We’ve managed to extricate ourselves from the gift-insanity this year, after several years of family prep-work. It feels a little strange not to be buying anything extra at this time of year–as I have every other year of my life. But we don’t need anything–and neither does anyone in our families. The kids received wool long-underwear and old school Sesame Street DVDs from one side of the family, and movies and books from the other side of the family–and these gifts were opened and used upon arrival. (Even useful gifts feel extravagent some days, especially when reading about the Brodie family.) We’re figuring out what food and treats to put in the kids’ stockings. And each of our four children will be receiving one gift this holiday season.
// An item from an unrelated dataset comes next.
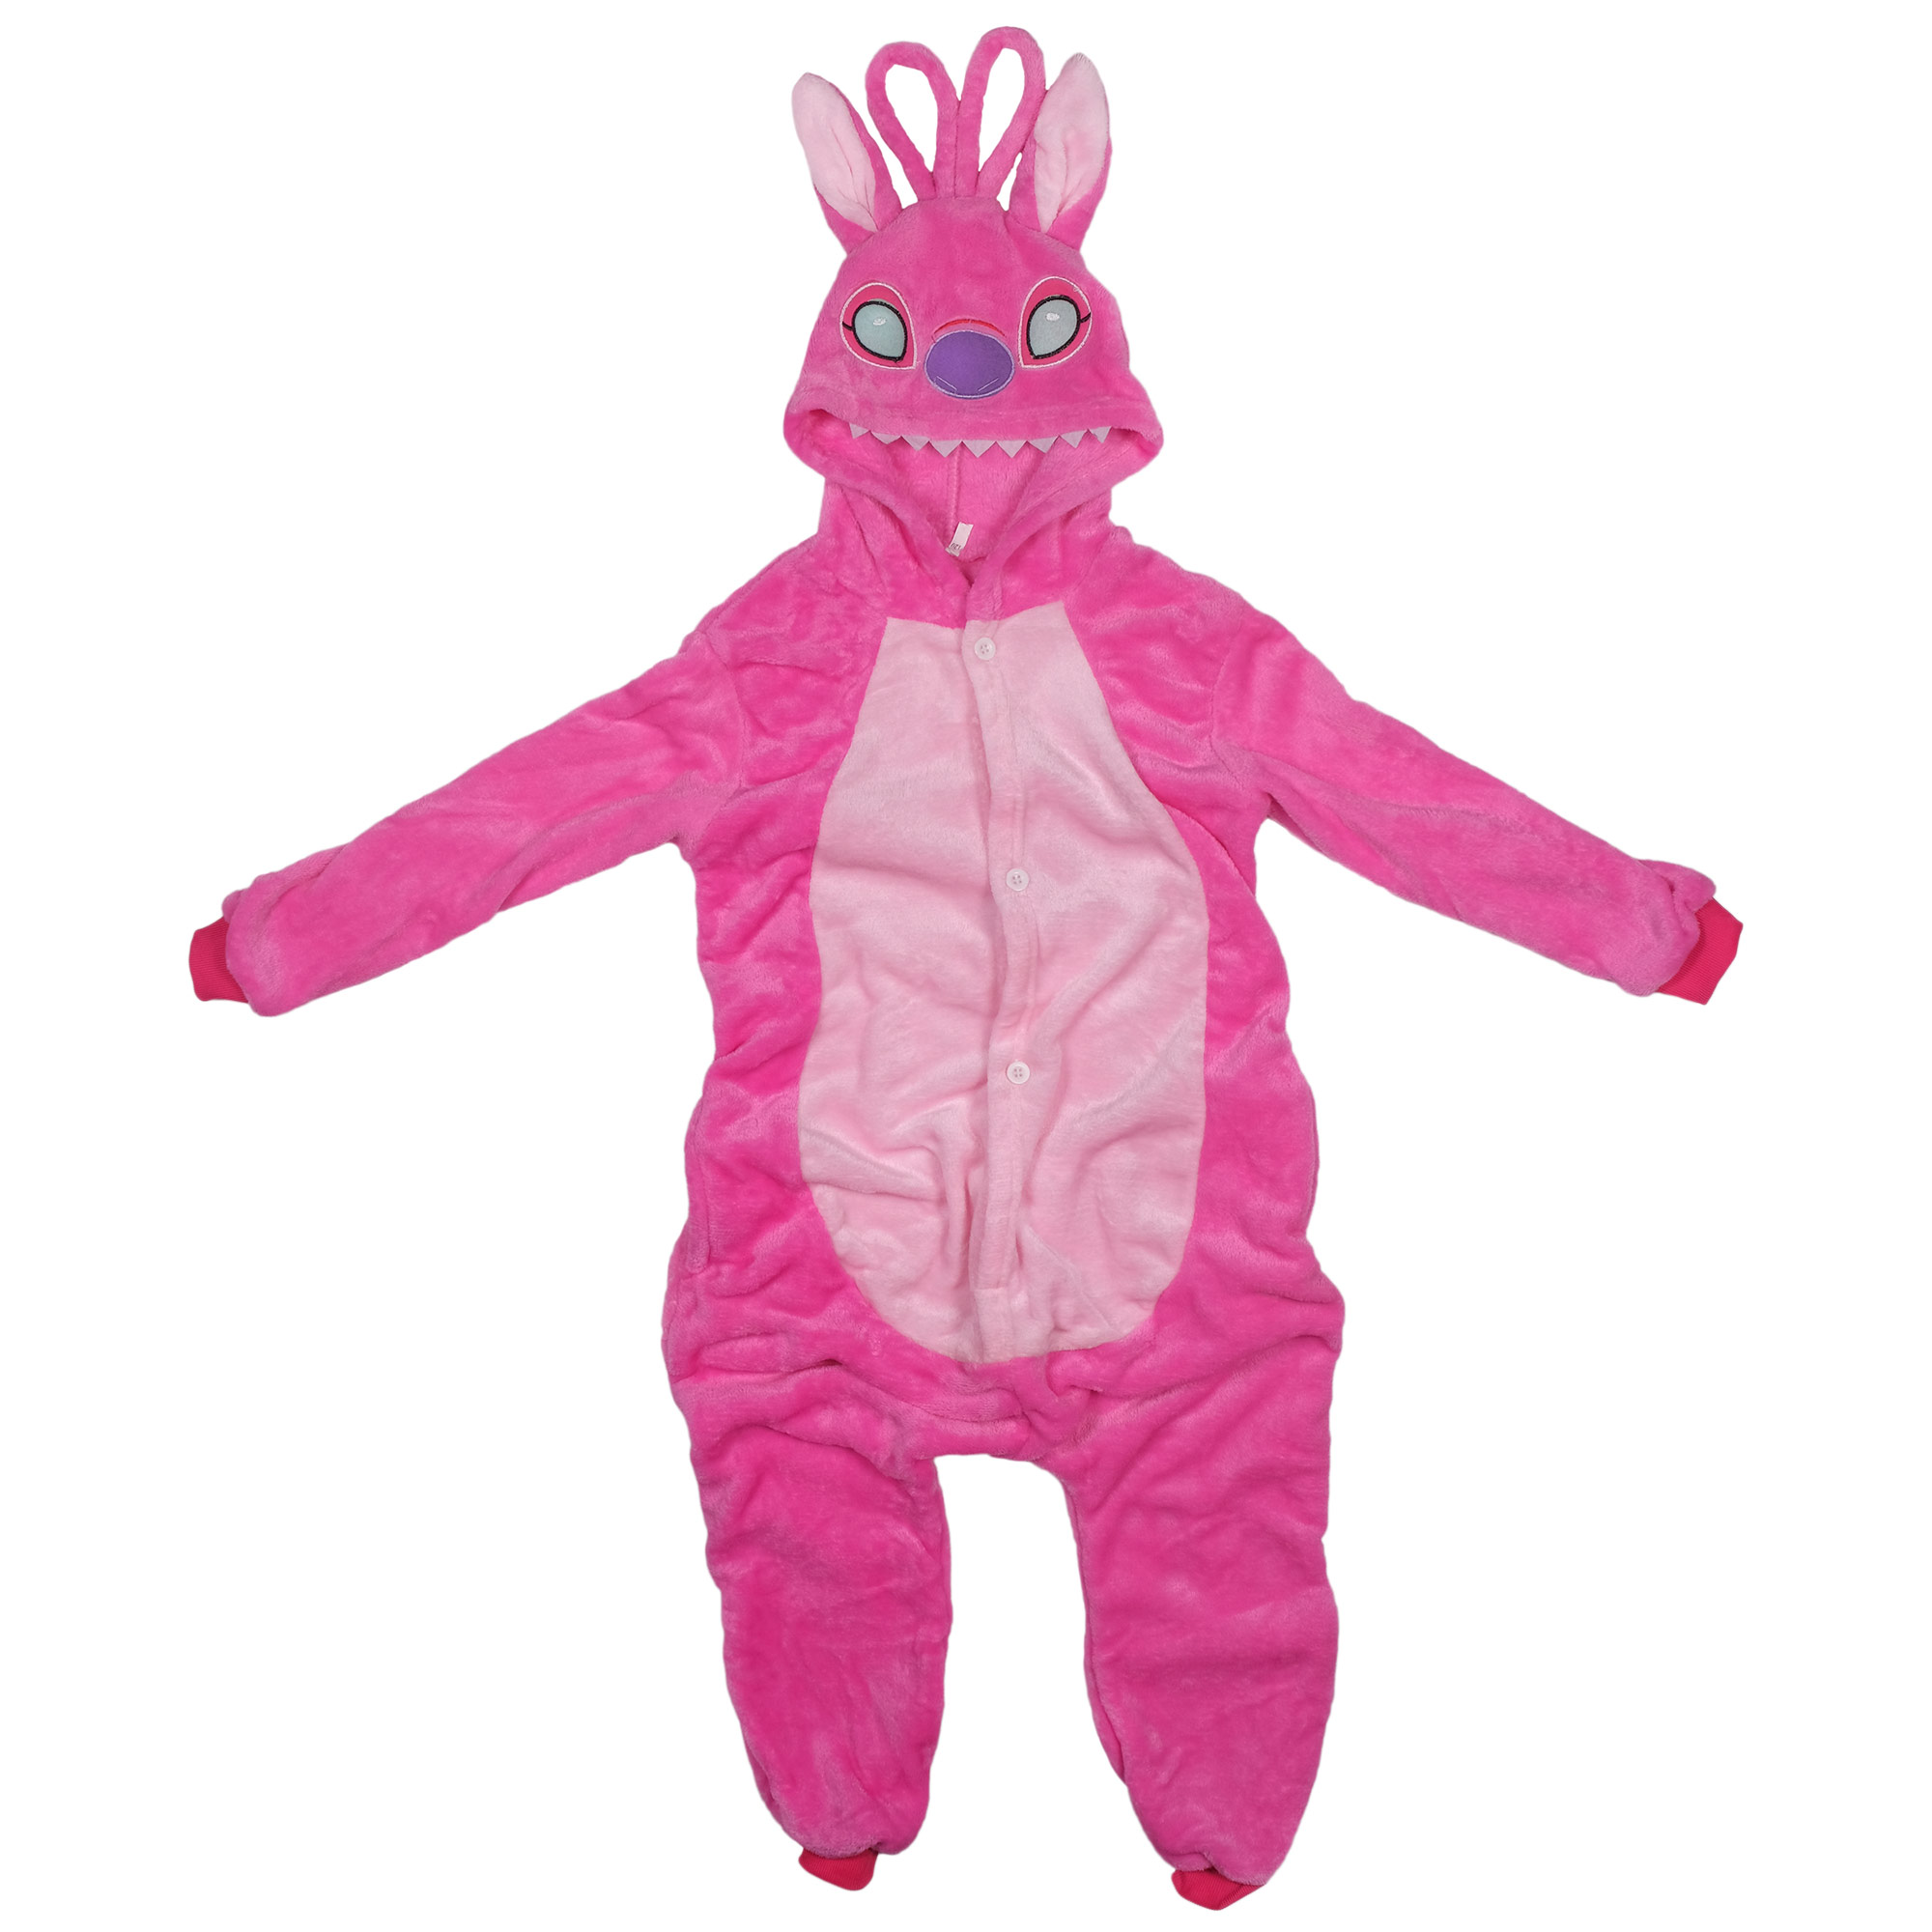 Пижама-кигуруми Lilkrok Лиловый Стич 160-169 см фото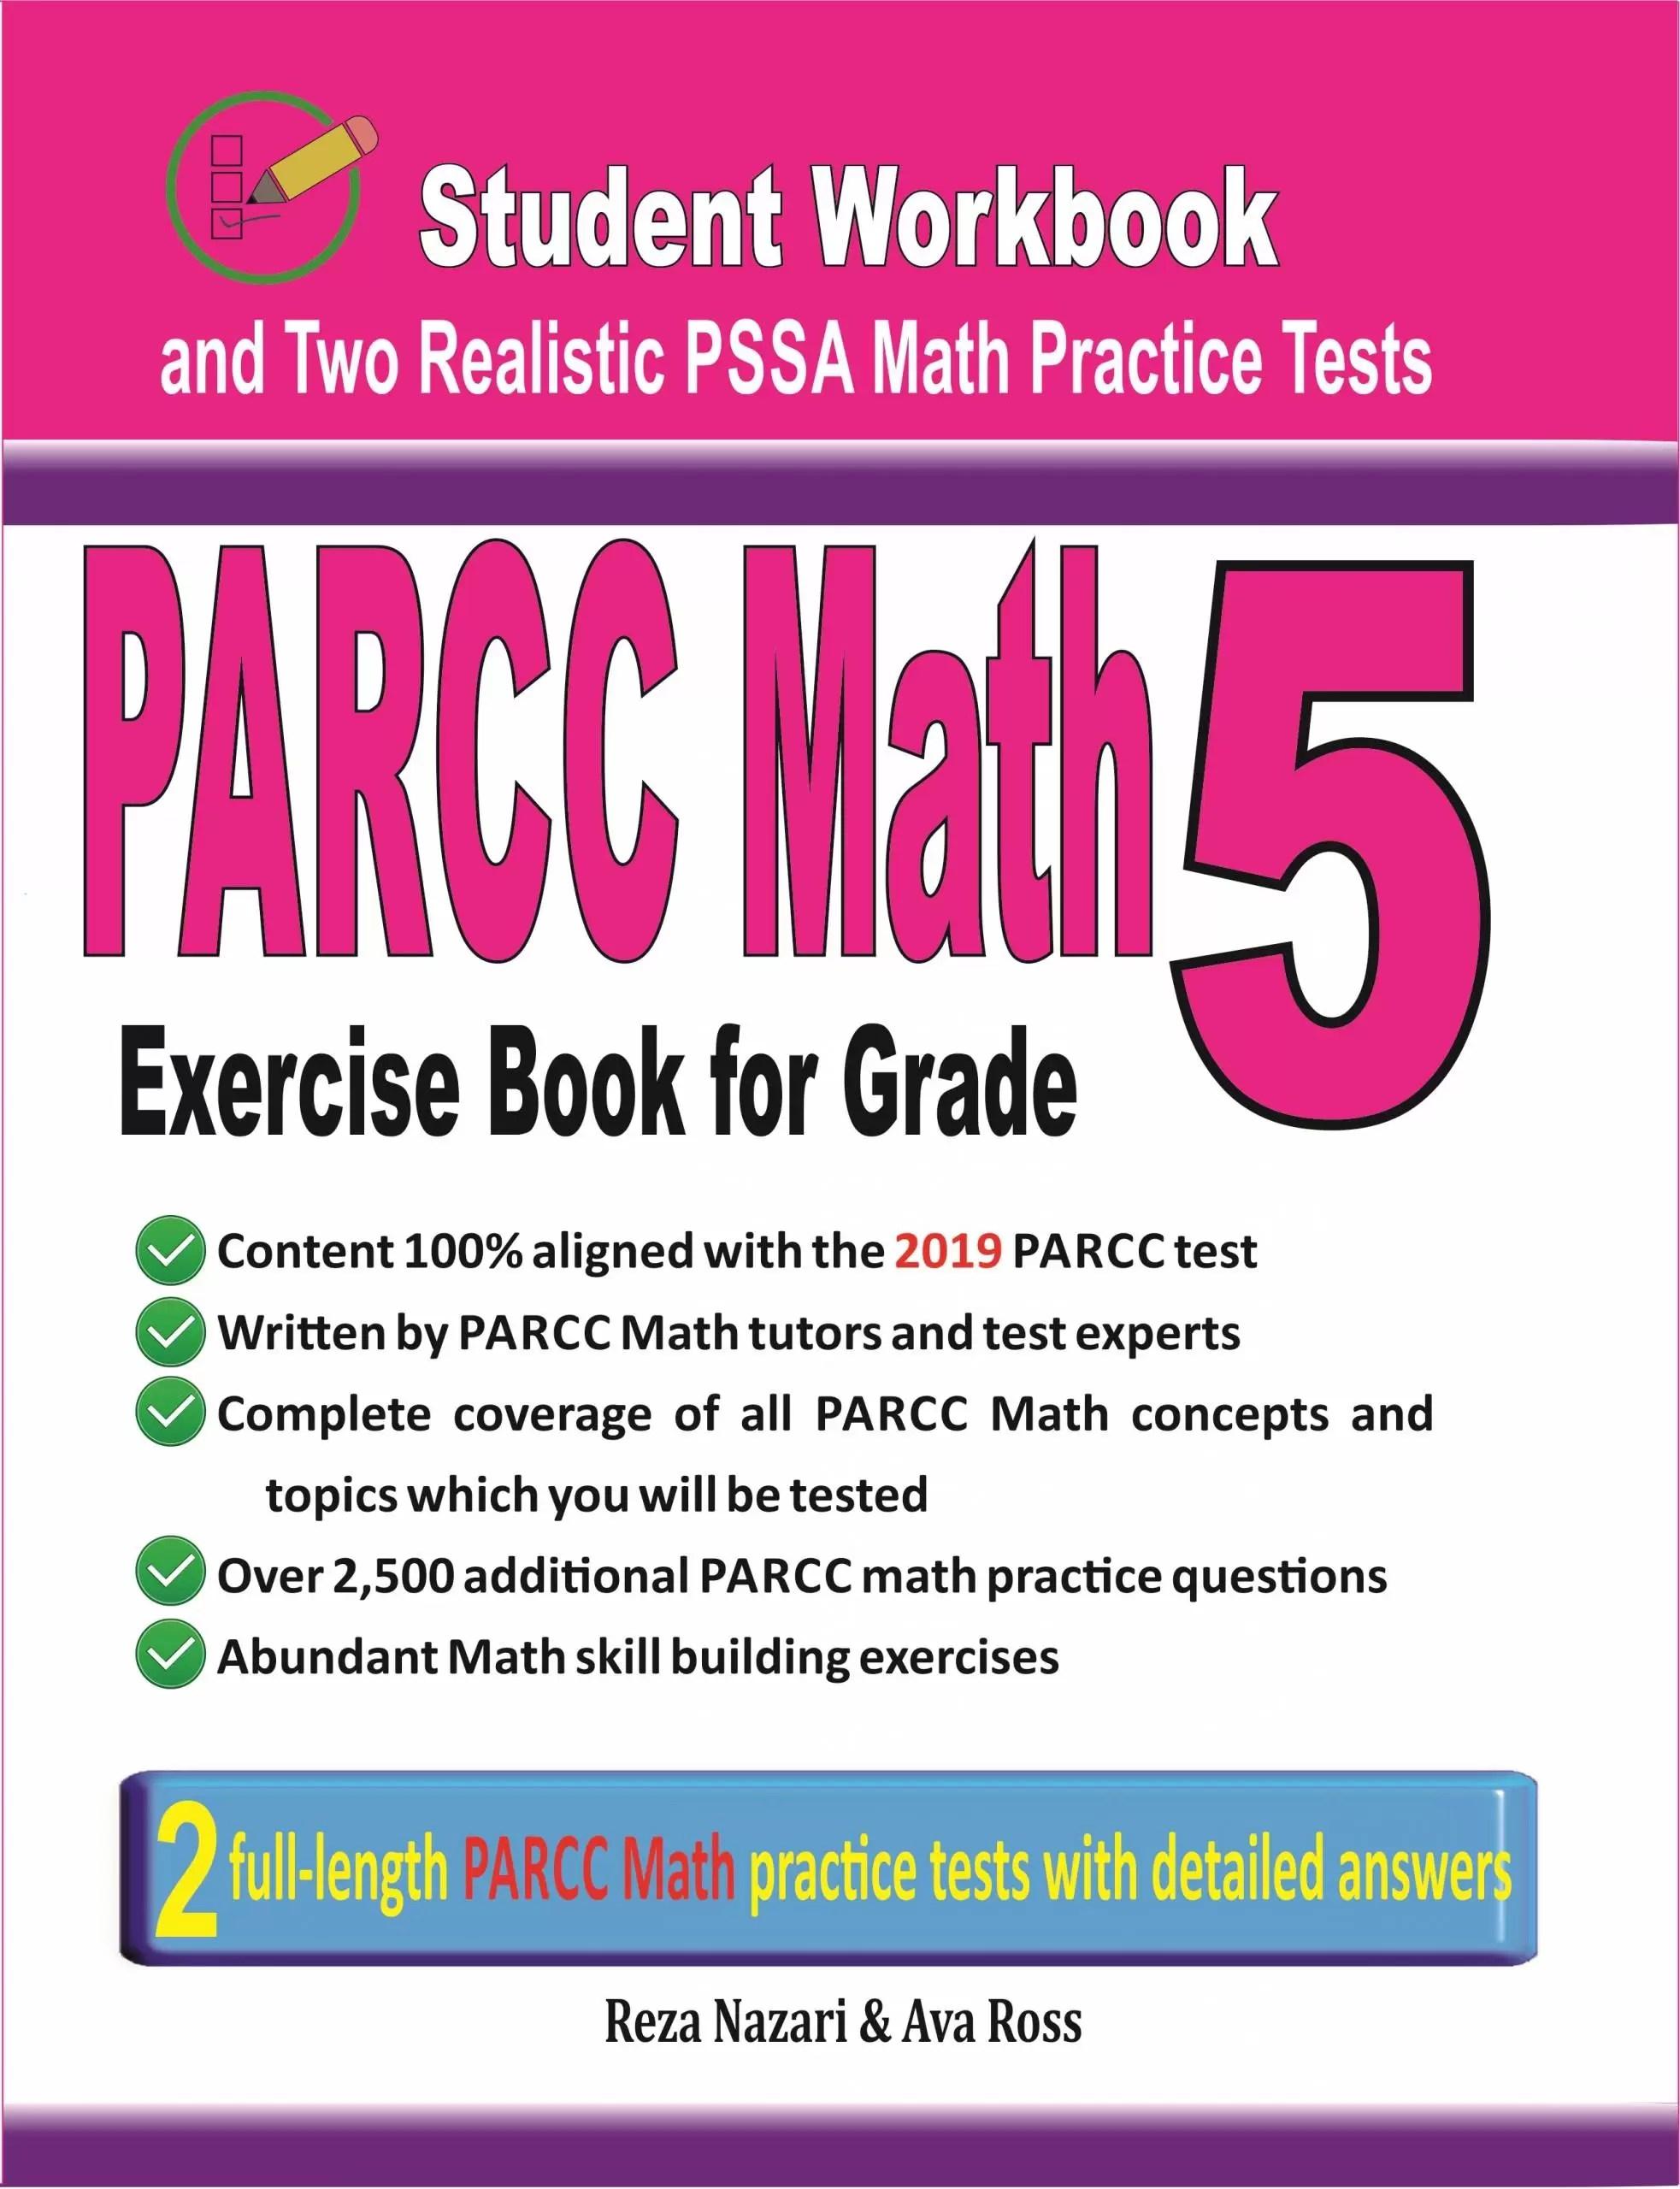 hight resolution of Grade 5 PARCC Math Worksheets - Effortless Math

I asked each of the children, “If you could have one new special thing, what would you like to have?” Gretel wants a baby doll (and I copied that request for Teri). Jaja wants a doll with a wedding dress, a long veil, high heels, and a bouquet of flowers–and blue jammies to change into. (Where do some girls get this wedding thing? I got married in an above-the-knee sundress purchased from a head shop, socks and buckle shoes, and a hair ribbon grabbed off one of the wedding gifts. Rico and Jaja look at our photos and chide their dad for not wearing a tie at his own wedding.)

Doll2

Then there’s Rico’s gift request: a motorcycle, with two small dolls/people. The motorcycle is supposed to be green, and really roll, and have handlebars, and 2 exhaust pipes. And the people? One is a boy with brown skin wearing a green motorcycle outfit and a mohawk hairstyle; the other is a girl with tan skin wearing a purple motorcycle outfit and short hair (or long hair or a mohawk–it keeps changing). Both people are supposed to have (1) helmets, (2) motorcycle boots, and (3) elbow and knee pads–and all the clothes are supposed to be able to come off because . . . The two people also need jammies (green for the boy and purple for the girl). At this point I stopped him. “I’ll make up the rest,” I said.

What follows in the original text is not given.